Wednesday, February 13, 2013

Five Ways to Be the Life of the Party at Every Networking Event

by Honora Lee Wolfe
We always hear that we have to “network” to build our practice. “Join the Chamber of Commerce, Kiwanis, the PTA, and Toast Masters,” business teachers say. I myself have said that you should go to every fundraiser, party, speech, seminar, Chamber of Commerce class, PTA meeting, church dinner, book-signing, or other event where there will be people to meet and greet. So, okay, you might say to me, what if I do go? How do I “work” such events to actually become better known in the community and turn that into patients and referrals? How do I do that without being a jerk or overly pushy?
Here are my best ideas to get the most out of every event you attend.

1. Be the first in and last out. As a rule, the best networking opportunities happen in the 20 minutes prior to the start of the event and the 20 minutes after the function ends. If you main objective is to make as many contacts as possible, the always arrive as early as possible. You can even think of yourself as one of the hosts and greet and speak to as many people as possible and then say goodbye and “gee, wasn’t it interesting when the speaker said…” at the end. Mostly, people won’t care that you aren’t really the host, but will be thankful that someone was kind enough to greet them and make them feel more comfortable and welcome in a new environment.

2. What’s in a name (tag)? Okay so this one is a little hokey, but it works. Create your own name tag and put your name and then a quote or message underneath, either something inspiring enough to start a conversation or relevant to what you do and interesting enough that people will ask about it.
Or, if they will have their own nametags, open yours up and write your message on it. You can try something inspiring like, “The average human heart beats 100,000 times per day; make those beats count.” or “Choose a positive thought; the human brain can only hold one thought at a time!” or something humorous like “Needle little pick me up?” or  “Got health?”  This will start a number of conversations; I guarantee it.

3. Be a brilliant conversationalist. You can control any conversation by asking all the questions and then just sit and listen attentively. Don’t interrupt or talk much about yourself. People will believe you carry on the best conversation they ever had. Toward the end of the conversation or when it’s time to go, offer them your card with a simple comment such as, “It was great to talk with you; appreciate you sharing about yourself. Here’s my business card; I don’t know that you’ll ever need my services, but if you do, here’s how to find me.” Then offer your hand and a smile and move on.

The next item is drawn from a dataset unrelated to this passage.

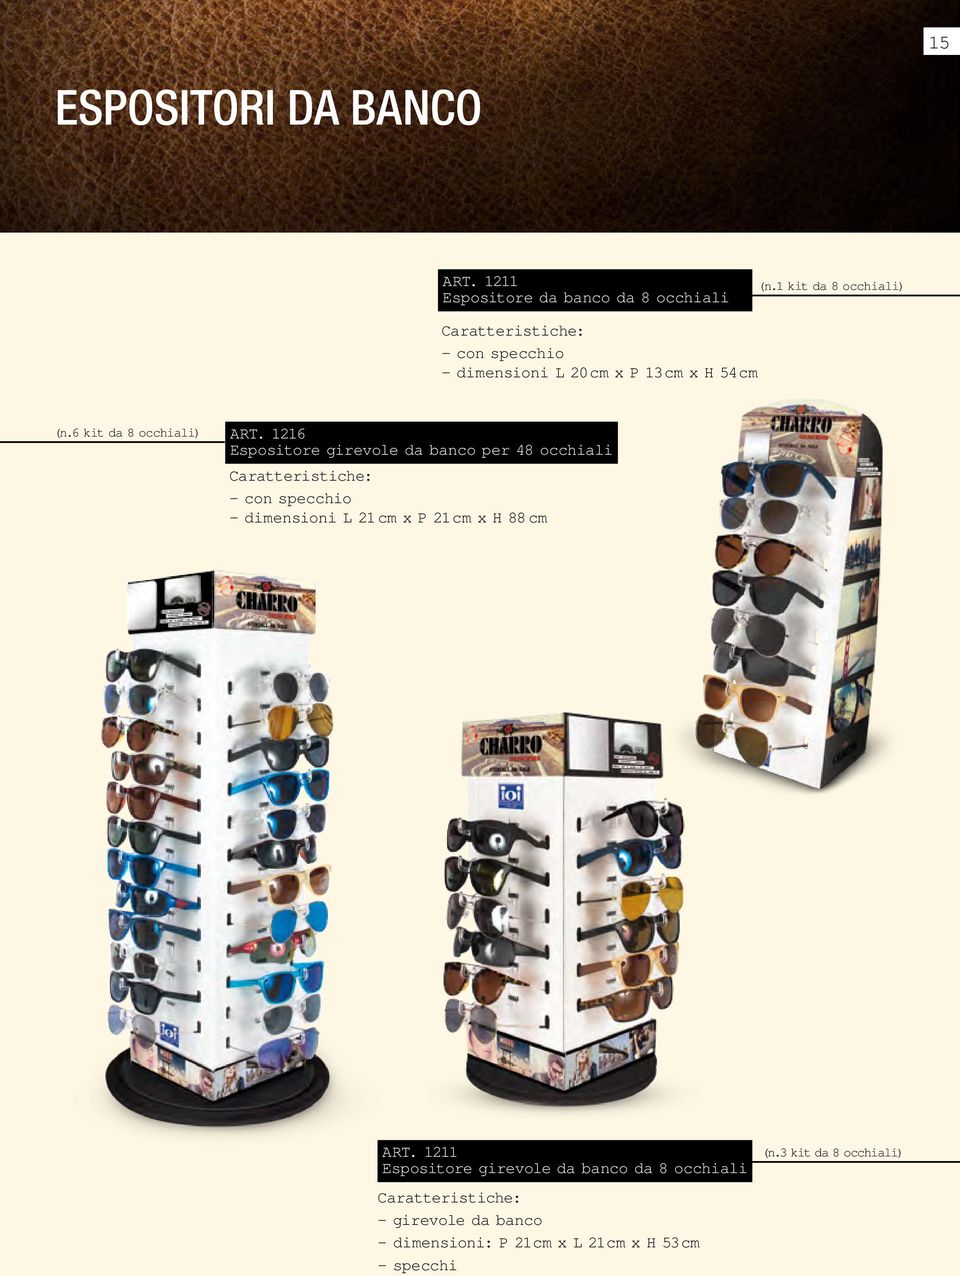 1216 Espositore girevole da banco per 48 occhiali Caratteristiche: - con specchio - dimensioni L 21 cm x P 21cm x H 88

4. Be a door prize. Offering your product or service as one of the door-prizes at any event that has such things, or as part of a silent auction for any and every community fundraiser, is always a good way to get publicity for being a real participant. If you can arrange it, try to trade the door prize for a copy of the attendee mailing list. Do this regularly for any clubs and associations of which you are a member and watch your mailing list grow.

5. Creative Introductions. You can make a memorable impact on everyone you meet by developing a more creative verbal introduction. So, instead of saying: “I’m an acupuncturist.” you might say:
“I relieve the full range of human suffering using very small sharp metal implements.”
“I help people run faster, jump higher, and recover faster from any and all physical activity and exertion.”
“I help husbands love their wives more every week of the month.”
“I make it possible for more people to get a better night’s sleep.”
You get the idea. As these examples illustrate, the way you introduce yourself can be dead serious and dead boring, or a little more fun and a lot more interesting. Your message should be a conversation starter, memorable, and help you market yourself and your services in a lighthearted way. Remember that you never get a second chance to make a first impression.

Hope these ideas help you make the best use of any and all your networking opportunities. My next networking events include a class this Sunday, Feb 17th, for San Diego Pacific College of OM Alumni and the Great River Symposium at Northwestern Health Sciences U in Bloomington MN (April 4-6) and  Maybe I’ll see you there!